In the lines below, find the one that contains "Netgear Router Setup Support" and write it out exactly, along with every line that follows it.

======== Records for the exercise ========

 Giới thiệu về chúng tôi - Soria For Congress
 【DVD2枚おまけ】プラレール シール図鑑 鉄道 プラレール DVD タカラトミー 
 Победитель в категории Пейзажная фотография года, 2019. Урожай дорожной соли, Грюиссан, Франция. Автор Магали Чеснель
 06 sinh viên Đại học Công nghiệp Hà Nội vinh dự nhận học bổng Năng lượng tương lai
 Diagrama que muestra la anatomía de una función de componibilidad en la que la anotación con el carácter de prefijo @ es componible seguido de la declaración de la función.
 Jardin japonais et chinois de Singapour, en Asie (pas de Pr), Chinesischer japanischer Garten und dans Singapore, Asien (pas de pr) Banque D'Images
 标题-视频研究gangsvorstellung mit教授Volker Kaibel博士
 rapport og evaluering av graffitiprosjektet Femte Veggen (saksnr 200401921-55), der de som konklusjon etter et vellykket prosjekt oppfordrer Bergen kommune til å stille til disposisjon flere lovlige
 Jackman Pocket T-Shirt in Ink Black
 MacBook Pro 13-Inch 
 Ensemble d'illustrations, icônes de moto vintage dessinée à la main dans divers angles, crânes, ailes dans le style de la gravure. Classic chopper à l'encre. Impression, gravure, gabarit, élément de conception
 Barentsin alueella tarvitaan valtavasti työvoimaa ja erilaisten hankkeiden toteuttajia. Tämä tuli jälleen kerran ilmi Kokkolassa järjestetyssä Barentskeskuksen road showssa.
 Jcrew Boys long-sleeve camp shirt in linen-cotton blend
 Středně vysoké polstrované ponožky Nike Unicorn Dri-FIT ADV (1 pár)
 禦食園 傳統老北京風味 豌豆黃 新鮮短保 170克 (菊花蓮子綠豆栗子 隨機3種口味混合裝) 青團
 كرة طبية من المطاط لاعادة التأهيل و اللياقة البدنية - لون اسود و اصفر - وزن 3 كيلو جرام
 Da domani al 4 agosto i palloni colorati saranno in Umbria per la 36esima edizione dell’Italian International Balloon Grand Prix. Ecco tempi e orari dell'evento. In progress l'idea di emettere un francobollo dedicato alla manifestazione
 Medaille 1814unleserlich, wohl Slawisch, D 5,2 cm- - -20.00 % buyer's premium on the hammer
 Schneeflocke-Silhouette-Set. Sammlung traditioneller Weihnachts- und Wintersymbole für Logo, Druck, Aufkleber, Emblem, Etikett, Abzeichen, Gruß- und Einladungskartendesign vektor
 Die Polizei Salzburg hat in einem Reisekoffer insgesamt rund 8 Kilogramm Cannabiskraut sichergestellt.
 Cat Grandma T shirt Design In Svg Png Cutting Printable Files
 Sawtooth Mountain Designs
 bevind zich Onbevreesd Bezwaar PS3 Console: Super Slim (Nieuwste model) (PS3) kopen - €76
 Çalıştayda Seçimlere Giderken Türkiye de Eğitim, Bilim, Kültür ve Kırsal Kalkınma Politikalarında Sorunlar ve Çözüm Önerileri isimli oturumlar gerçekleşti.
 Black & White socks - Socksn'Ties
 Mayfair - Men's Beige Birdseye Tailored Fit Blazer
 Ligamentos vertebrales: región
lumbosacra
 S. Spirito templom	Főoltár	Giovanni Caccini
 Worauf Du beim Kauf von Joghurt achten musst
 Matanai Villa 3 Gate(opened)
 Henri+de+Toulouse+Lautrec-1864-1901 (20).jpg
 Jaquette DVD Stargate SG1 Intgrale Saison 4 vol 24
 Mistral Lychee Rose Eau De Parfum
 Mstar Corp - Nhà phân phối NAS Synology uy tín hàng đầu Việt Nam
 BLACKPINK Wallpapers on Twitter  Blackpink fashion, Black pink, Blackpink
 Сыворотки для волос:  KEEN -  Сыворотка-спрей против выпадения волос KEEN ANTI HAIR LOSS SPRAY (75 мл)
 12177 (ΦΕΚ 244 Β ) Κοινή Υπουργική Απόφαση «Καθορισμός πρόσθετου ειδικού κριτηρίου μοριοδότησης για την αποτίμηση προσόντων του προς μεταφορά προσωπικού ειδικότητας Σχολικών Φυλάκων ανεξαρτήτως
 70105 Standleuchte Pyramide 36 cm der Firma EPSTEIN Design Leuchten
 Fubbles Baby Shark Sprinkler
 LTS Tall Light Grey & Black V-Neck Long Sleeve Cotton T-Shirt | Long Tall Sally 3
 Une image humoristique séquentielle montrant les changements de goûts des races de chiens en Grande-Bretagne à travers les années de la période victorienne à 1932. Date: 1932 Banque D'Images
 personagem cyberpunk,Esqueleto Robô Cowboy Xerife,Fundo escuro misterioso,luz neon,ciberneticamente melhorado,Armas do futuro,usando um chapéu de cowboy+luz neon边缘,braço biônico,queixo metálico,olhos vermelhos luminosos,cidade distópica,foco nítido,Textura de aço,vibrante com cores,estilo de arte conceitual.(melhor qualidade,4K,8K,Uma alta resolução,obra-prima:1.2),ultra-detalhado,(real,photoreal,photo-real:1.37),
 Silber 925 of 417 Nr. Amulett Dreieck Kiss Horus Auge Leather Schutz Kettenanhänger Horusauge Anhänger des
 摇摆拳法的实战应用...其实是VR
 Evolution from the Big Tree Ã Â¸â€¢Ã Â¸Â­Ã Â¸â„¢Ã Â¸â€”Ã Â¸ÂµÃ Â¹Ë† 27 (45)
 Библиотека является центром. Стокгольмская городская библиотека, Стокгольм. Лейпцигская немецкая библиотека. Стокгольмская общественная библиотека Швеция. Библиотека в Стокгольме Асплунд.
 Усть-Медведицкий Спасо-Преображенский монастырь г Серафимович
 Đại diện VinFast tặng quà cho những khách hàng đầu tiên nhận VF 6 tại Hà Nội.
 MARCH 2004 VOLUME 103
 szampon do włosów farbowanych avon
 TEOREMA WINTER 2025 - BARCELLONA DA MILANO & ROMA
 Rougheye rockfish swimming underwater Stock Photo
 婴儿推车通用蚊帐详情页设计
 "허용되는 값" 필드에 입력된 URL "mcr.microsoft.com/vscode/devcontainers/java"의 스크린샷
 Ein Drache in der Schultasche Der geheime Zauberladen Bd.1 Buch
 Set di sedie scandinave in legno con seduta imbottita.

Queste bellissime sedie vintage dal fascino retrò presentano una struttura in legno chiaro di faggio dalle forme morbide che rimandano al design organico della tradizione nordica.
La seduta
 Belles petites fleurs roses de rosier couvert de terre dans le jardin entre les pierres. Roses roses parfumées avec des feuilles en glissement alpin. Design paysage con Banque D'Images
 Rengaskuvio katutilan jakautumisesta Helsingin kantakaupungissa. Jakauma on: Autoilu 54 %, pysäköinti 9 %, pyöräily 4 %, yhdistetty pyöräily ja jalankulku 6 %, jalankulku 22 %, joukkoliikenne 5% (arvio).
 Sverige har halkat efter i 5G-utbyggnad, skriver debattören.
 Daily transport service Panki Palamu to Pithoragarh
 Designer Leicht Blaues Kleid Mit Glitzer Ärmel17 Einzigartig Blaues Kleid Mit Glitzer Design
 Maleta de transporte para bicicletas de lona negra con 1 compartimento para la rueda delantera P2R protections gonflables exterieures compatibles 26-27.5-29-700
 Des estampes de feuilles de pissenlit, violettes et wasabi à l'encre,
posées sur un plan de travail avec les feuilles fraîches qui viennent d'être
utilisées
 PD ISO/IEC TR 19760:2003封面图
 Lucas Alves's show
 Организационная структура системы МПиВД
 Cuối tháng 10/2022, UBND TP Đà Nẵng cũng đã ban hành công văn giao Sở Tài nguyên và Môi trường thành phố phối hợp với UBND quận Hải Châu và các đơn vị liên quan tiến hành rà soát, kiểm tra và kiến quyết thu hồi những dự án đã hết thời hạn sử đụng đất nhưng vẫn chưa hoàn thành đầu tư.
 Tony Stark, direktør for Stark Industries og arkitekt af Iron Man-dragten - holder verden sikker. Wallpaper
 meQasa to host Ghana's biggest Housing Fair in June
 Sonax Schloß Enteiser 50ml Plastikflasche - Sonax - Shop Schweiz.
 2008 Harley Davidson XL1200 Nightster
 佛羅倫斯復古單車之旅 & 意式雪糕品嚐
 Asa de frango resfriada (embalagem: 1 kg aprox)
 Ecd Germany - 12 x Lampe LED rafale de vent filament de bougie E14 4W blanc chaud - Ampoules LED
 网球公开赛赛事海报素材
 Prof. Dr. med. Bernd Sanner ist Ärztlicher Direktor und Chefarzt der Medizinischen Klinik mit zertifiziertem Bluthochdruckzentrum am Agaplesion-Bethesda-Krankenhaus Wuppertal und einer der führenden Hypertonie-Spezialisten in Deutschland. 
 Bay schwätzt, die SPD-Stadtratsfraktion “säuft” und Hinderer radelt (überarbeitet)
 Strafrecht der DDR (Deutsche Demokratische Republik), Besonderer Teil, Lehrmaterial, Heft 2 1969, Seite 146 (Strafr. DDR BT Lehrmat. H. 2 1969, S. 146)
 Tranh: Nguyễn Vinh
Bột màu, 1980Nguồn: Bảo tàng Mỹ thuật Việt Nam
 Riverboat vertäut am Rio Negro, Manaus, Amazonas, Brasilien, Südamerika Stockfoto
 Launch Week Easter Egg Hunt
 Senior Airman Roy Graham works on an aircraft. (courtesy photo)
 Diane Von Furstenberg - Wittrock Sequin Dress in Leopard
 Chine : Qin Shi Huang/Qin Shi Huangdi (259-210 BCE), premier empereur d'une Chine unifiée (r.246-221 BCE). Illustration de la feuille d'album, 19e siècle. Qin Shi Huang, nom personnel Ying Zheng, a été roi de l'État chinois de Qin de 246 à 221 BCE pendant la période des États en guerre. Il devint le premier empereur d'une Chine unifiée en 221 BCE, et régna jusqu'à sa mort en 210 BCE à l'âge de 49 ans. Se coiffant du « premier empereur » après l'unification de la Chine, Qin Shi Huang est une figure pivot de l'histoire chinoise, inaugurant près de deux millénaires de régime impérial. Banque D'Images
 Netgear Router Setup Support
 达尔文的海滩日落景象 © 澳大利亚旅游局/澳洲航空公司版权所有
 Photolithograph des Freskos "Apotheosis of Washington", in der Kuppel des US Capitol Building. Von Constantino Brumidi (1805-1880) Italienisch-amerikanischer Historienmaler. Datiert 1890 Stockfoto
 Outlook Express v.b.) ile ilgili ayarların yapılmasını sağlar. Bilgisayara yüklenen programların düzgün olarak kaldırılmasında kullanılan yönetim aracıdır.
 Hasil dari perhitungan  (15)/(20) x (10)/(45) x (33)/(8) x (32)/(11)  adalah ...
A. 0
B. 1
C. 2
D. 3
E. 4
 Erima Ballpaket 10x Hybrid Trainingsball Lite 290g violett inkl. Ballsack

========

» Solution to this problem:
 Netgear Router Setup Support
 达尔文的海滩日落景象 © 澳大利亚旅游局/澳洲航空公司版权所有
 Photolithograph des Freskos "Apotheosis of Washington", in der Kuppel des US Capitol Building. Von Constantino Brumidi (1805-1880) Italienisch-amerikanischer Historienmaler. Datiert 1890 Stockfoto
 Outlook Express v.b.) ile ilgili ayarların yapılmasını sağlar. Bilgisayara yüklenen programların düzgün olarak kaldırılmasında kullanılan yönetim aracıdır.
 Hasil dari perhitungan  (15)/(20) x (10)/(45) x (33)/(8) x (32)/(11)  adalah ...
A. 0
B. 1
C. 2
D. 3
E. 4
 Erima Ballpaket 10x Hybrid Trainingsball Lite 290g violett inkl. Ballsack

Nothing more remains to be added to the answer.